Sobrevendrá, entonces y salvo honrosas excepciones, la agobiante y recurrente tarea de limpiar agendas, contactos y mensajes derivados de búsquedas infructuosas o frustradas, y un volver a empezar, más cerca del mito de Sísifo que de la consigna del filósofo surcoreano Byung-Chul Han cuando apuesta a que “el eros vence a la depresión”. Sin contemplar del todo que, a veces, la nostalgia suele complicar esa gestión del impulso del eros por recuperar espejismos amorosos idealizados –a menudo, incomparables o inasibles- que nos ilusionan desde el engañoso espejo retrovisor, ocupado en reflejar la visión que hoy se guarda de la trayectoria emotiva de cada uno, como si reeditarla dependiera simplemente de una decisión.

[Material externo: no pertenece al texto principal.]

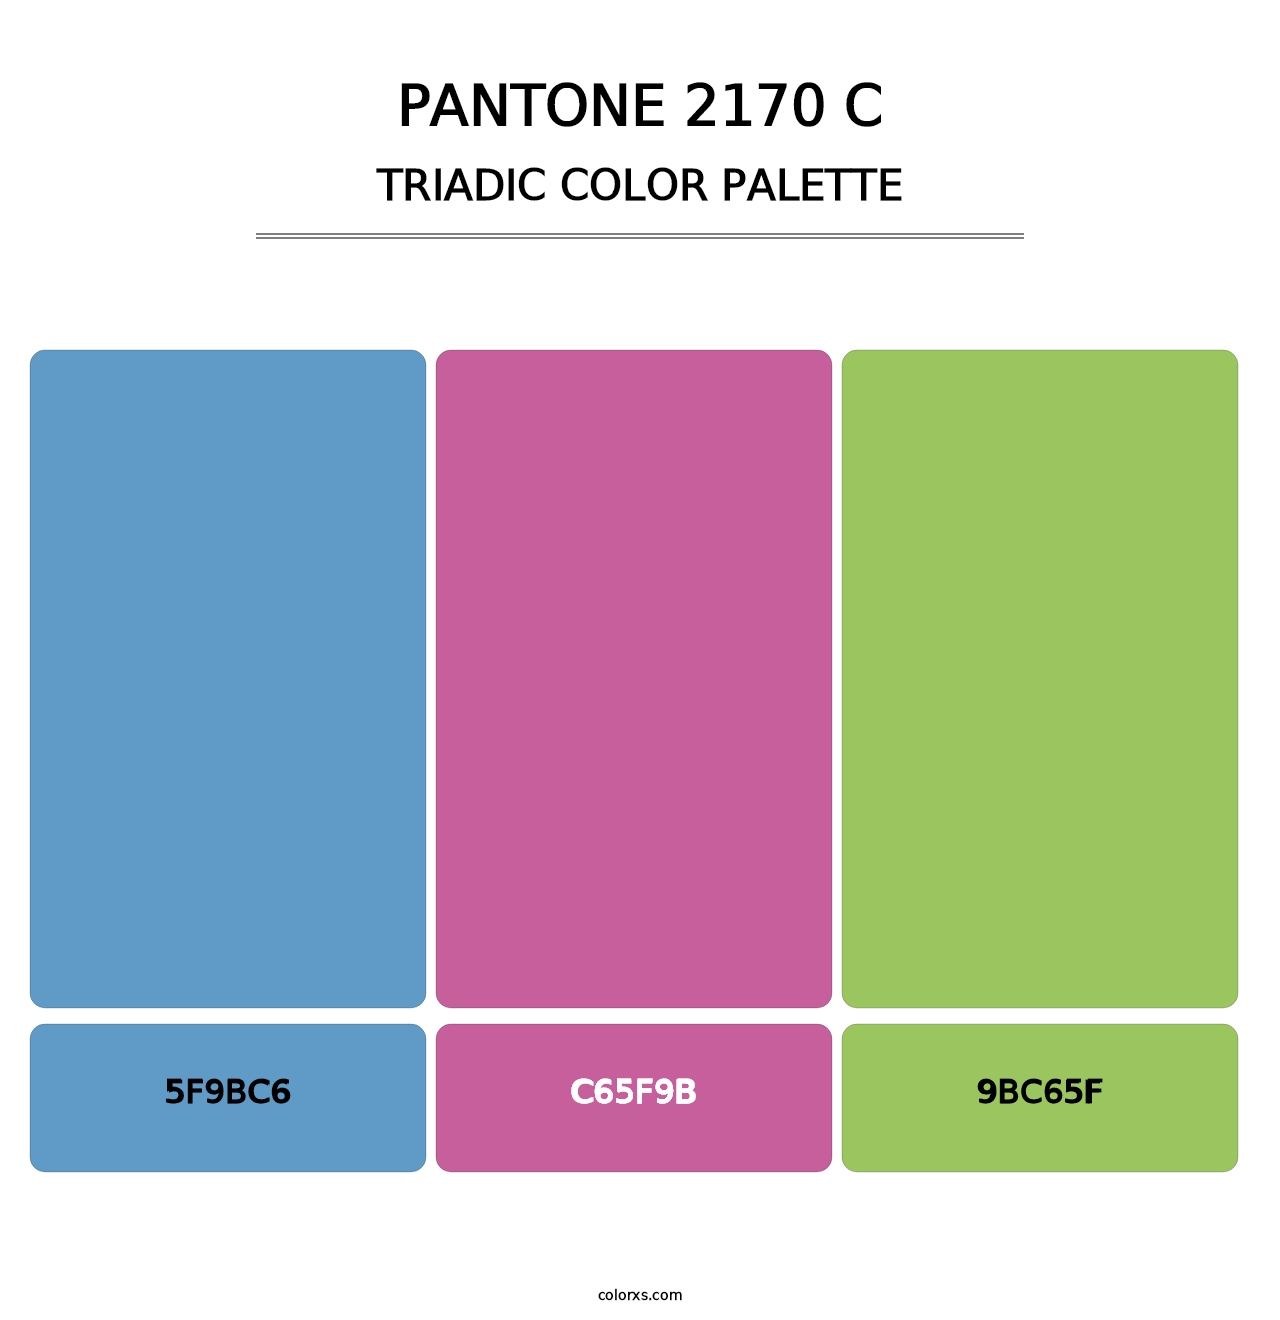 PANTONE 2170 C - Triadic Color Palette

Tan hondo es el vacío y tan profunda la herida del amor ausente, del amor-confiable que no deja de extrañarse, que hasta el sentido de la existencia misma suele ponerse en crisis, sin reparar ni en lo que fueron los costos asociados a la experiencia amorosa real ni en la magnitud de la desafiante tarea de volver a hallar su presunto equivalente, potente, actualizado y, en lo posible, inmune a las obsesiones o miradas críticas selectivas que, a la hora de elegir o consensuar o conciliar, imponen las inevitables cicatrices de la vida.

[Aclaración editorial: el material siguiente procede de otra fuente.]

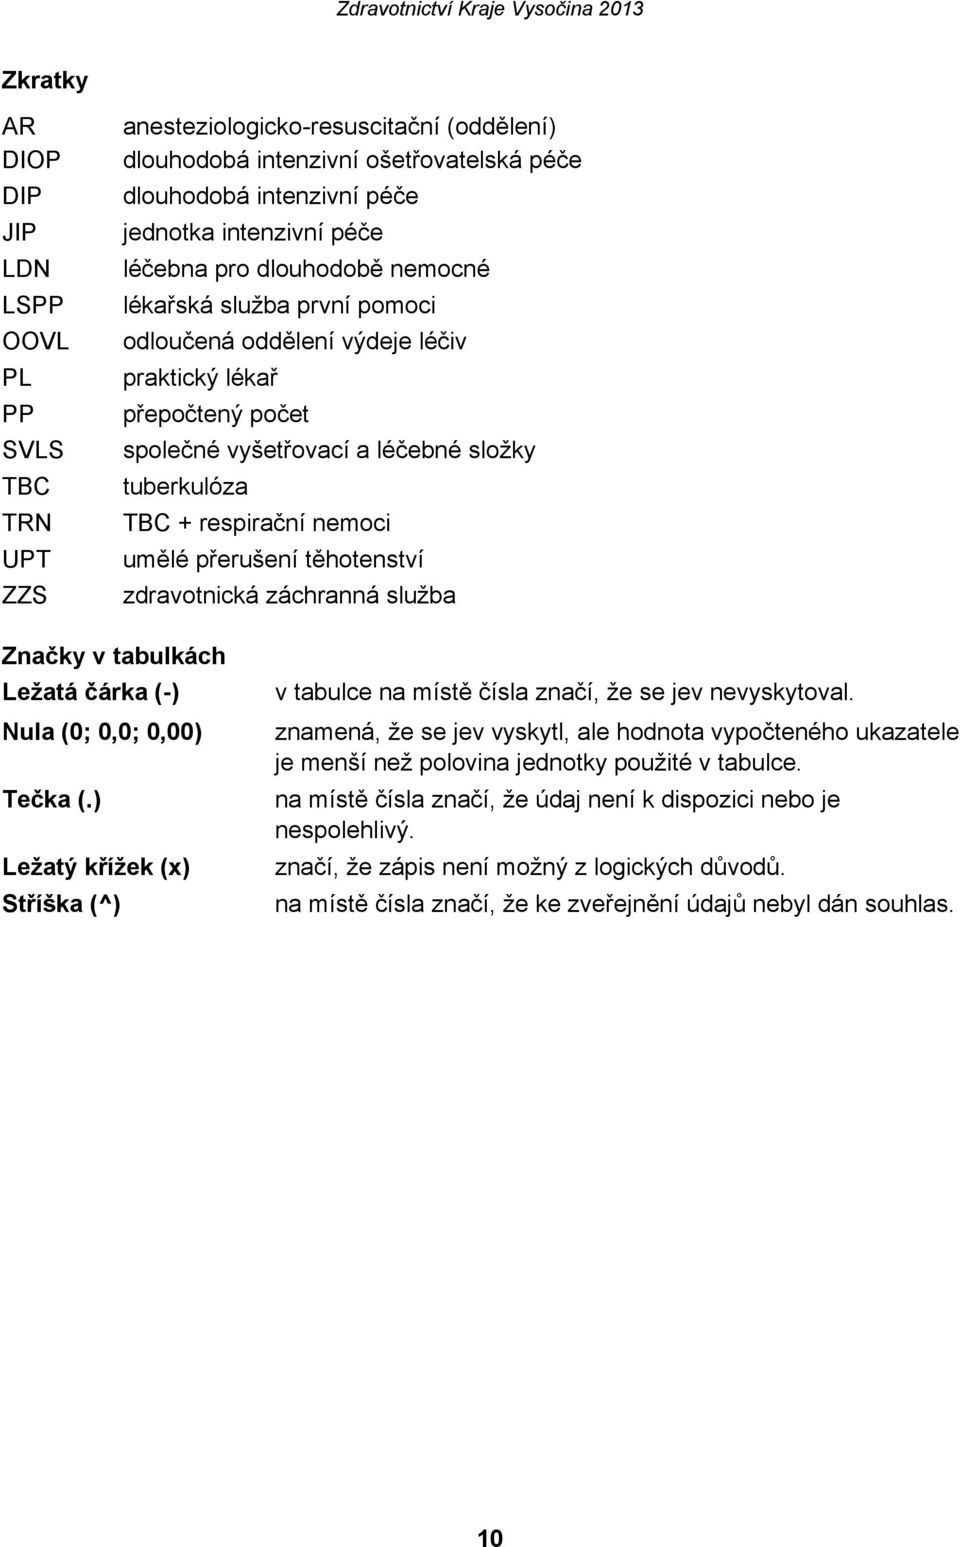 umělé přerušení těhotenství zdravotnická záchranná služba Značky v tabulkách Ležatá čárka (-) Nula (0; 0,0; 0,00) Tečka (.

Por eso, quizás, un sendero más pacífico, más sano, más sereno y saludable, en el intento de encontrarse (o reencontrarse) con el nuevo amor de una vida, pase, primero, por comenzar a redescubrir -más mansamente y sin perder la capacidad de asombro-, el valor (o las desventajas) de algunos de los cambios que vienen sacudiendo al universo de lo cotidiano. Desde la vertiginosa convergencia tecnológica, confinando a tantas relaciones sociales al dominio de lo virtual. Hasta las convenciones de los novedosos hábitos vinculares, de los gustos y reencuadres de la conversación pública y privada. Siempre tratando de entender –y no necesariamente de resolver- los desafíos que se esconden tras otros modelos de comprensión del sentido de la vida misma germinando en cada quien. Bajando un cambio en las exigencias, empatizando con los demás, reconociéndolos en su individualidad, recuperando la curiosidad por lo diferente o novedoso y, muy especialmente, reexplorando, en vivo y en directo (sin auxilios virtuales), los espacios de actividad común o de interés compatible con el de un alguien buscado: el trabajo, la escuela, el arte, el entretenimiento, el deporte, la fiesta, la familia, la calle, los bailes, los viajes.

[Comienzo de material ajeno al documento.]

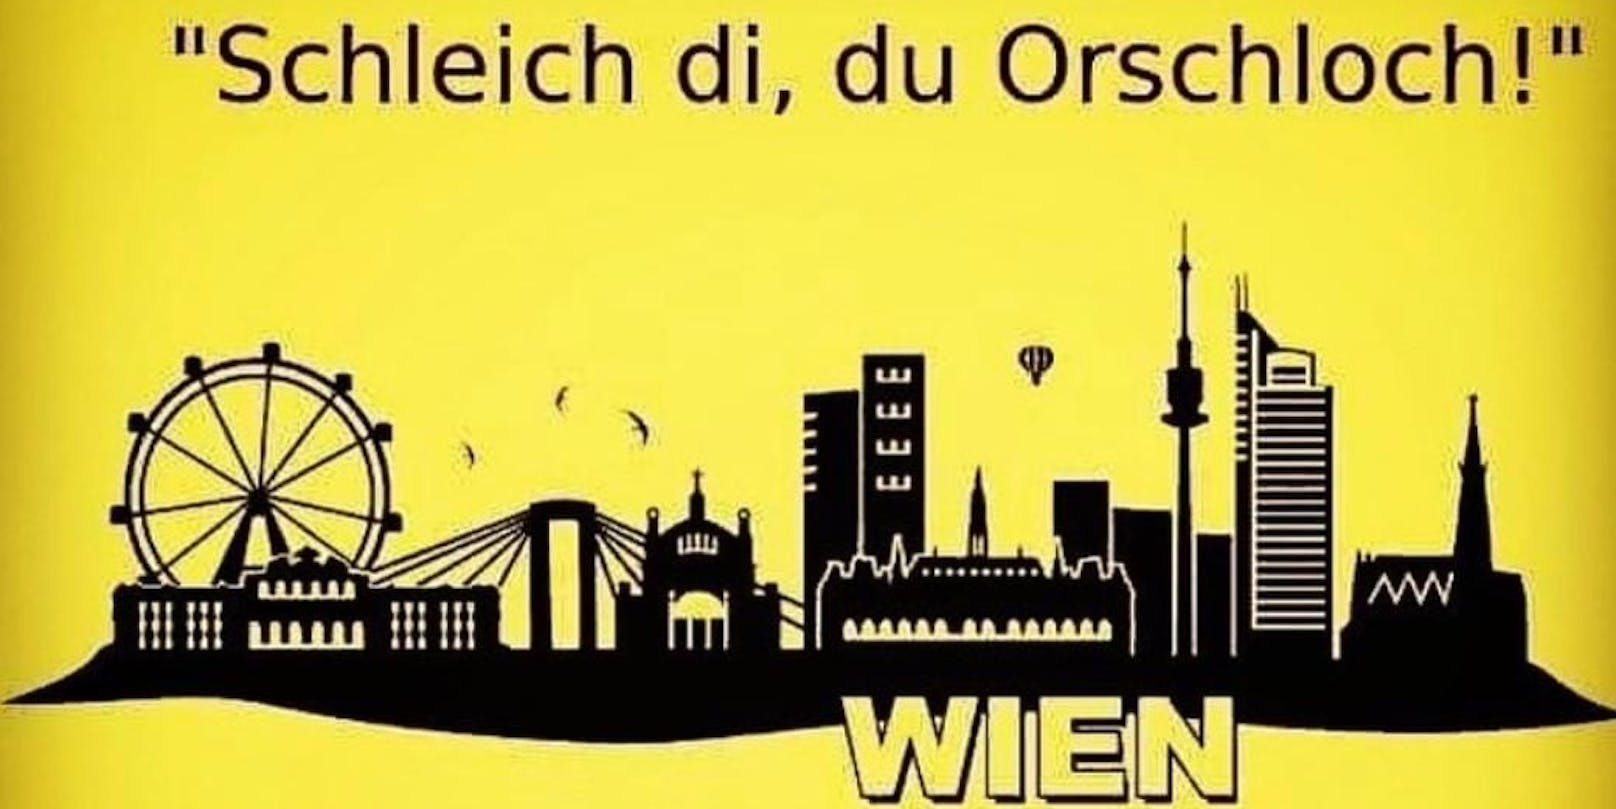 "Schleich di, du Orschloch", rief ein Wiener vom Fenster.

Porque es ésa –la de involucrarse en espacios de intereses compartidos- una de las claves estratégicas no por conocida menos eficaz, capaz de provocar hallazgos que venían escabulléndose de cualquier radar de buceadores de afecto operando en piloto automático. Es allí –aunque no de un modo excluyente, por supuesto- donde, sin agotarse en el intento, suelen confluir, de un modo casi más natural, confortable y espontáneo, mujeres y hombres en condiciones de invitarse a cultivar opciones a la carta de un futuro amoroso que, tal vez, con el tiempo, los sorprenda, en muchos casos, reinventando el paradigma de sentido con el que se propongan disfrutar, en pareja, del puro placer de vivir intensamente las oportunidades de complicidad que les ofrezca cada presente. Espacios para encontrar. Y también para ser encontrado.